# The Mitchell Report



## AceHBK (Dec 13, 2007)

Ok the Mitchell Report comes out today and even right now some big names have been released. (Roger Clemens & Andy Pettite)  What are your thoughts on this all?  How will you will if your favorite player is named in thsi report?

FRunny, I see former GM's starting to cover their owns butts now..  Steve Phillips on ESPN says that while he was the GM for the Mets from '98-2002 he was sure there were guys on the "juice" but he couldn't do anything to deter them from using it.  He said all he could do was educate them about the "dangers" of it.

What do you think the fallout will be?


----------



## Big Don (Dec 13, 2007)

Not being a sports guy, I don't see how this investigation is under the purview of Congress.
Let the league and the teams regulate themselves as they see fit. If they involve Congress, they should be billed for the costs of the investigation. People that don't choose to pay for baseball tickets should not be forced to pay to investigate players.


----------



## crushing (Dec 13, 2007)

Now I'm even more curious as to how many of Barry Bonds' home runs were off of juiced pitchers.

I think Congress gets involved because of the pervasiveness of MLB baseball in American culture and the added responsibility that comes with the antitrust exemption that inflates ticket prices and allows teams to play their real hardball with the communities and muncipalities that have come to depend on them.


----------



## jim777 (Dec 13, 2007)

There's no real proof here, just inuendo and "this is what we heard second or third hand from convicts" type stuff. Andy Petite is a real born again Bible thumper off the mound and in real life; I can't imagine him cheating on anything, seriously. It just isn't him. Some of the other guys I don't know about, I suppose it could be true about Clemens as he's such a fierce competitor and he's 45  Still, the Olympic committee tests for 60 drugs, and MLB tests for 30, I think for all this noise baseball is still leaving the backdoor to cheating wide open.
Back to the Patriots! :lol:


----------



## Ping898 (Dec 13, 2007)

I really don't think there will be much fallout from this report other than even more people will start having their names and steriods linked together.  I think it would be different if baseball hadn't upped the drug penalties...but since they have, I don't expect any major fall out....


----------



## tshadowchaser (Dec 13, 2007)

The question presents itself: do they take away all the records from all those on the list or just Bonds?
If all of those people where juiced and found guilty we might not have mant big names playing anymore


----------



## arnisador (Dec 13, 2007)

Heh, I always wondered about Lenny Dykstra!


----------



## AceHBK (Dec 13, 2007)

crushing said:


> Now I'm even more curious as to how many of Barry Bonds' home runs were off of juiced pitchers.
> 
> I think Congress gets involved because of the pervasiveness of MLB baseball in American culture and the added responsibility that comes with the antitrust exemption that inflates ticket prices and allows teams to play their real hardball with the communities and muncipalities that have come to depend on them.


 

Great points.

I think that you don't put an asterick next to any record b/c in the end you can't prove anything and depending on when they used something and IF they did it was probably legal at the time.  Only thing that you can do it put a note explaining the era and the cloud around it.

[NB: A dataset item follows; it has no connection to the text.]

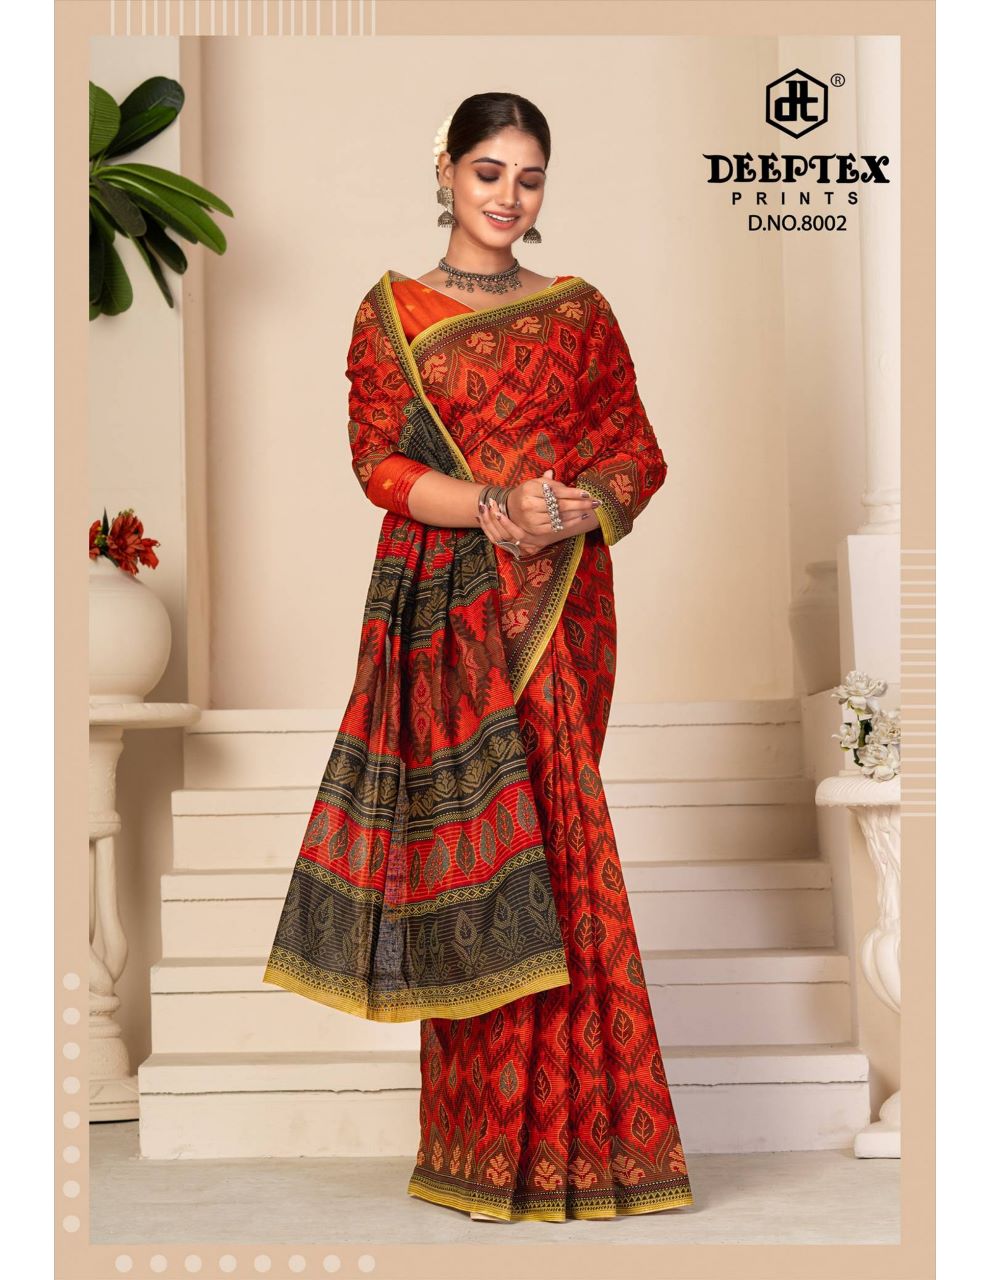 Bengal Cotton Saree - Designer Sarees Rs 500 to 1000 - SareesWala.com

Singling people out and astericks next to records and all is not the way to me especiially when baseball allowed it.


----------



## Ping898 (Dec 14, 2007)

tshadowchaser said:


> The question presents itself: do they take away all the records from all those on the list or just Bonds?


I don't think you really can.  I actually feel kind of sorry for Clemens (who I really think is a horses behind!) because he is right when he says he is getting tried in the court of public opinion on this and really has no recourse or defnese.  Based upon the blurbs I read it seems like the report is based upon the stories of only like 2 or 3 men and I am not sure how much I trust someone's memory about something like this from 5 or 10 years ago...But then again, I haven't read (and won't read) the whole report, so there may be other evidence I haven't seen


----------



## AceHBK (Dec 15, 2007)

jim777 said:


> There's no real proof here, just inuendo and "this is what we heard second or third hand from convicts" type stuff. Andy Petite is a real born again Bible thumper off the mound and in real life; I can't imagine him cheating on anything, seriously. It just isn't him.


 

Looks like there is truth all in the report so far.  Guys are coming out and admitting stuff left and right.  I guess they realize there is no need in denying.

Only thing Andy Pettitte admits thumping is his arm to find a vein to inject HGH. (Hey it hurts for me...im a Yankee fan and we just signed this doper to a big contract)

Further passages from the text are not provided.